Torniamo in Europa. Il nostro continente, in perfetta solitudine, ha messo al primo posto un’altra cosa: le preoccupazioni climatiche e la conseguente necessità di ridurre le emissioni di CO2. Conseguenza: un apparato burocratico mostruoso, che pretende di regolare le politiche energetiche dei diversi paesi, un’ingente quantità di incentivi distribuiti senza criterio alle fonti rinnovabili, i cui materiali abbiamo importato dalla Cina, nessun passo avanti nella sicurezza energetica.

Lasciamo poi perdere il coraggio politico la cui assenza si è manifestata nella decisione tedesca di chiudere gli impianti nucleari dopo Fukushima. Mentre persino in Giappone vince le elezioni un leader pro-nucleare. Con un risultato, questo sì, paradossale.

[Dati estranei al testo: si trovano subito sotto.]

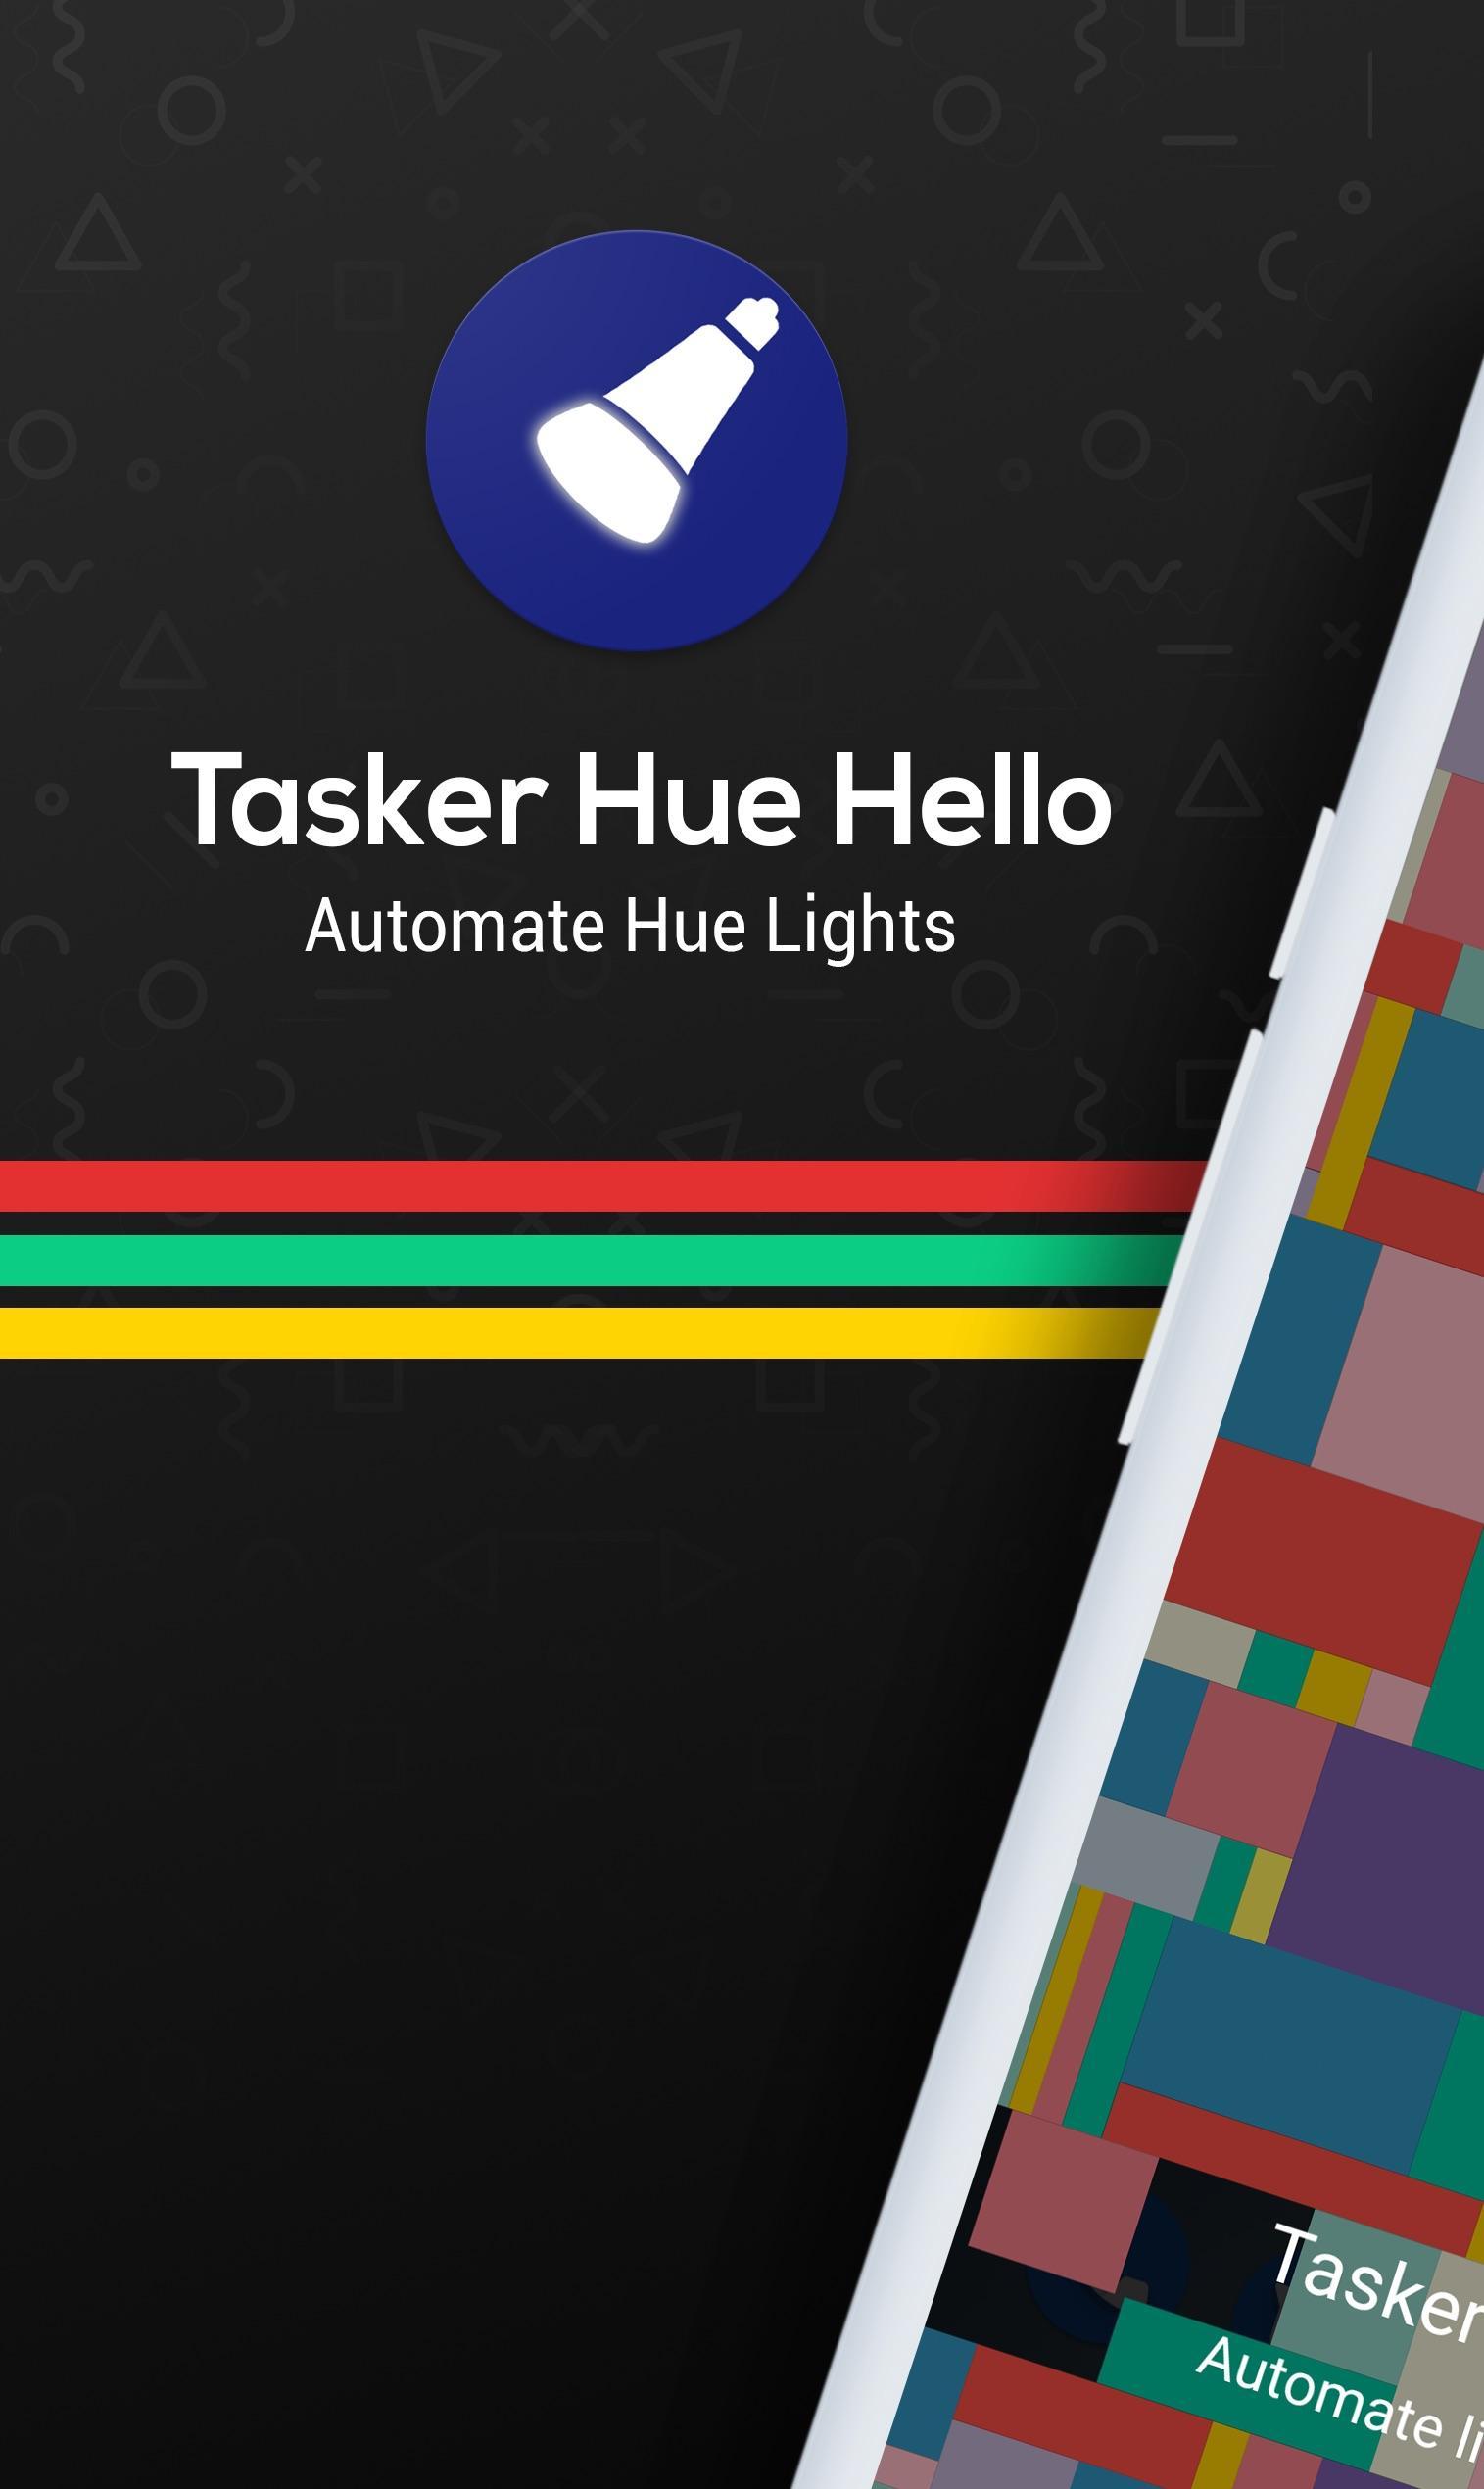 Tasker HueHello for Android - APK Download

Il gas sostituisce il carbone negli Usa e riduce le emissioni di CO2. L’Europa, soprattutto la Germania, importa carbone dagli Usa e aumenta le sue emissioni.

Suun lato dell’Atlantico si affrontano i problemi ricorrendo all’intelligenza dell’uomo, all’innovazione tecnologica, alla capacità di intraprendere. Su questo lato, invece, ci attorcigliamo in politiche di comando e controllo, si scoraggiano gli investimenti, si amplia oltre ogni misura la babele dei linguaggi burocratici dei paesi che compongono l’Europa.

Il petrolio ha fatto ricca l’America nell’800 e nel 900. La sta rifacendo ricca oggi. Il costo di un metro cubo di metano, ci ricorda Recchi, è negli Usa un terzo rispetto all’Europa e l’industria manifatturiera, quella che l’Europa e l’Italia stanno perdendo, ritorna in grande stile, felice di abbandonare la mancanza di certezze giuridiche della Cina. Le previsioni sono di tre milioni di nuovi posti di lavoro solo nell’industria petrolifera. Ed essa trascina con sé nuovi investimenti nella petrolchimica, madre di tutte le industrie moderne.

Sapete quanto petrolio consuma quotidianamente un cittadino moderno? Tre litri a testa. Dalla benzina della sua automobile alla confezione di shampoo, plastica derivata dal petrolio, con cui si fa la doccia ogni giorno. Per questo in tutto il mondo trovare petrolio nel proprio sottosuolo è considerata una benedizione. Eccetto che in Italia. Ma questa è un’altra storia.